What should people do especially at a time government’s promise to build factories to provide jobs for the youth has failed? Even those employed on temporal modules like NABCO are receiving demeaning salaries, even that is not paid promptly.
“At what degree of hunger will a man prefer a grain of corn to democracy?” questioned Bertrand Russell, who was referring to vote buying. I ask, at what degree of impoverishment would Ghanaian youth resort to Ponzi schemes, contract killing, robbery, indecent behavior and acts that fundamentally threaten state security?
While we charge the police to find the killers of Ahmed Hussein-Suale, Josephine Asante, and Rev. David Nabegmado, we may want to understand that crime is not just fought with guns and loud sirens.
When people are gainfully employed and find meaning in life they may not engage in acts that endanger their lives.
We must be moved as a society to empathize with families who lose dear ones and property to crime, but can we ignore families whose members have taken on the indecent career of crime?

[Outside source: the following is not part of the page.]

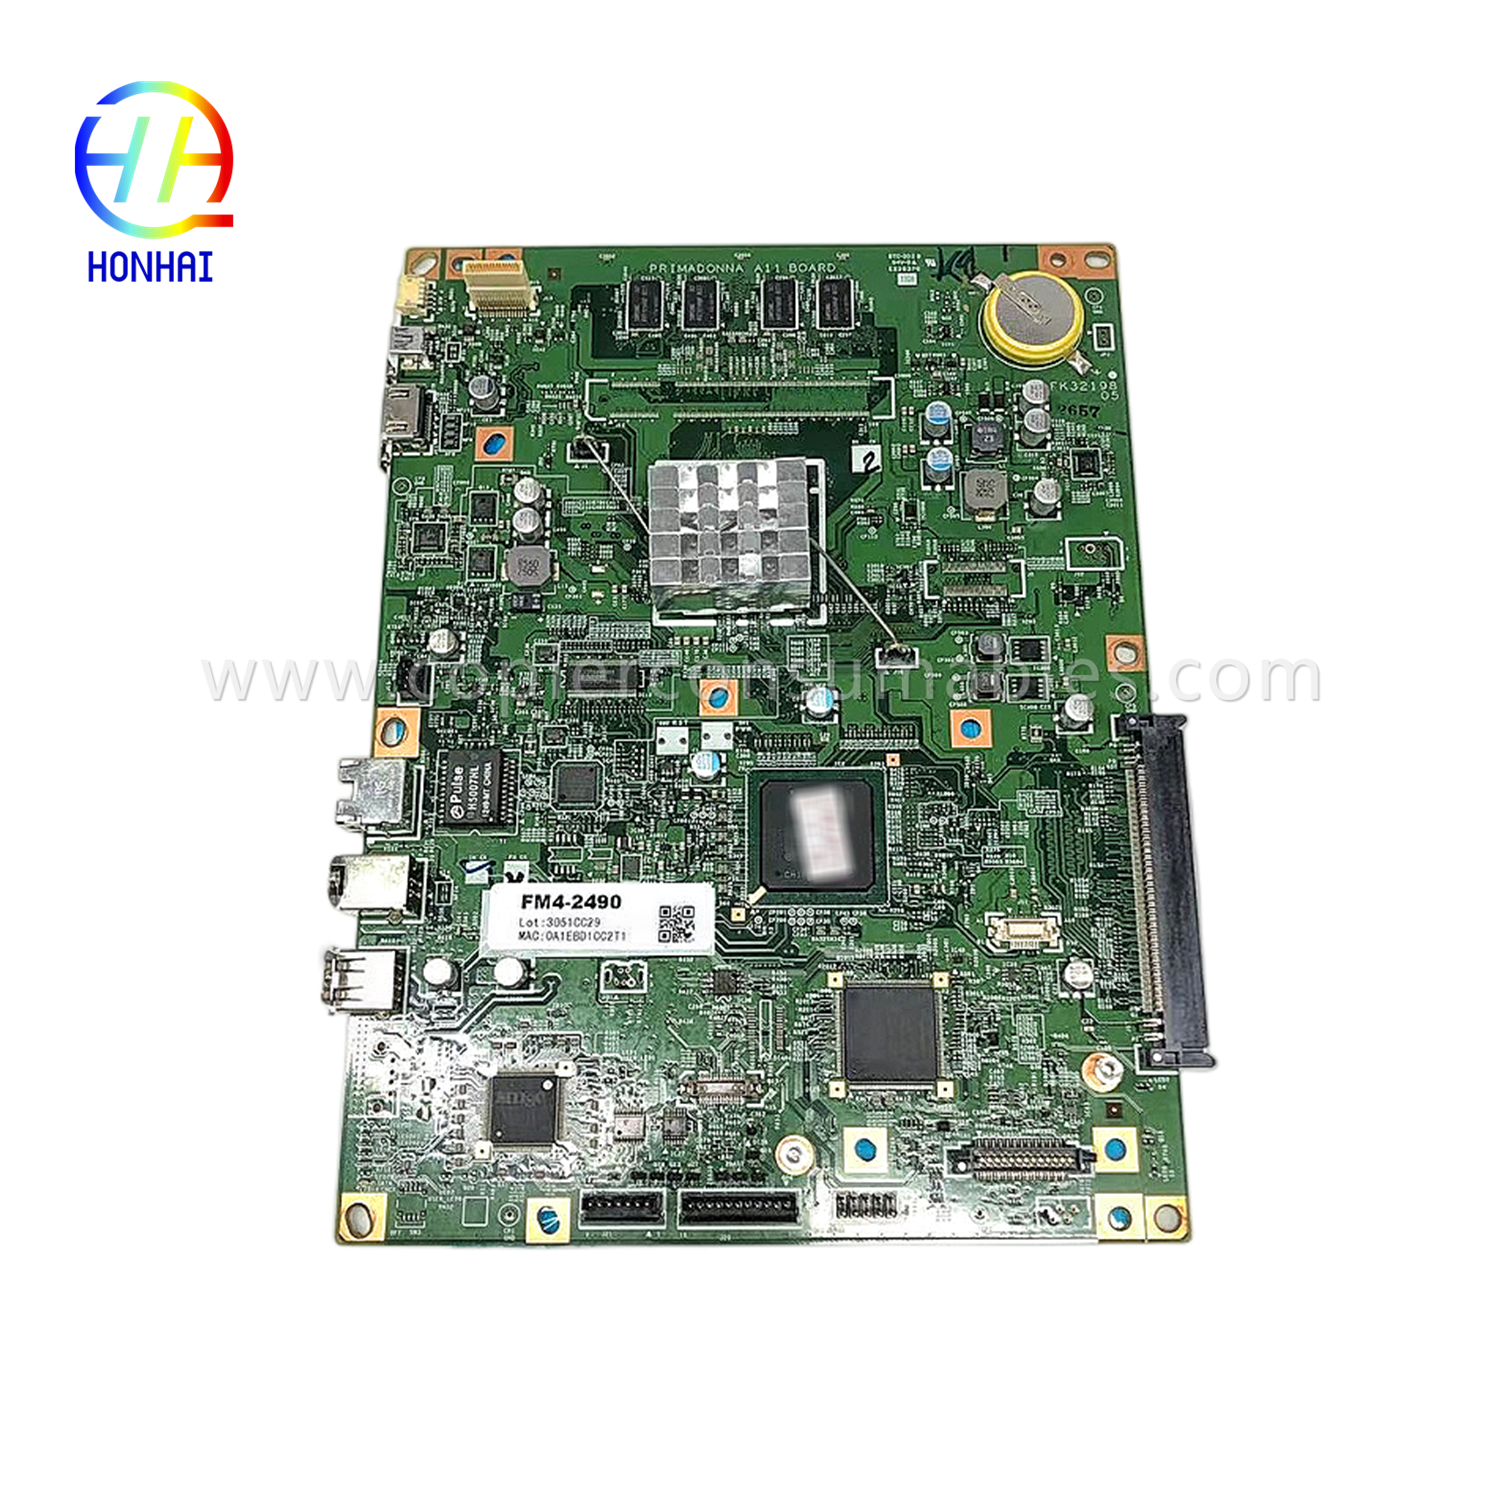 Main Controller PCB Board for Canon IR Adv 8285 OEM (FM4-2490-000) (1)

Criminals are not happy people. Not in the least. They live daily with the shame of a society that has pushed them to make a living by the gun. Nobody wants to be a criminal. And that is why as a society we must accept that we have failed to give our criminals alternatives which make them productive to society.
I look at the streets of Accra and beyond, and I see young men and women selling in the traffic. I see persons whose total investment in such a dangerous career on the road is less than GH¢ 50.
When you visit the business towns of Ghana at night after the shops have closed and you see beautiful girls sleeping in front of those shops with their babies you see people who are crying for alternatives.
When I see young men who finished university several years ago still roaming from one company to another in search of nonexistent jobs I see people looking for alternatives.
We must reach out to the criminals with decent jobs and they will reach out to us by putting off their criminal activities.
All those who lost their jobs during the banking crises will be happy to wear their suits again and return to work.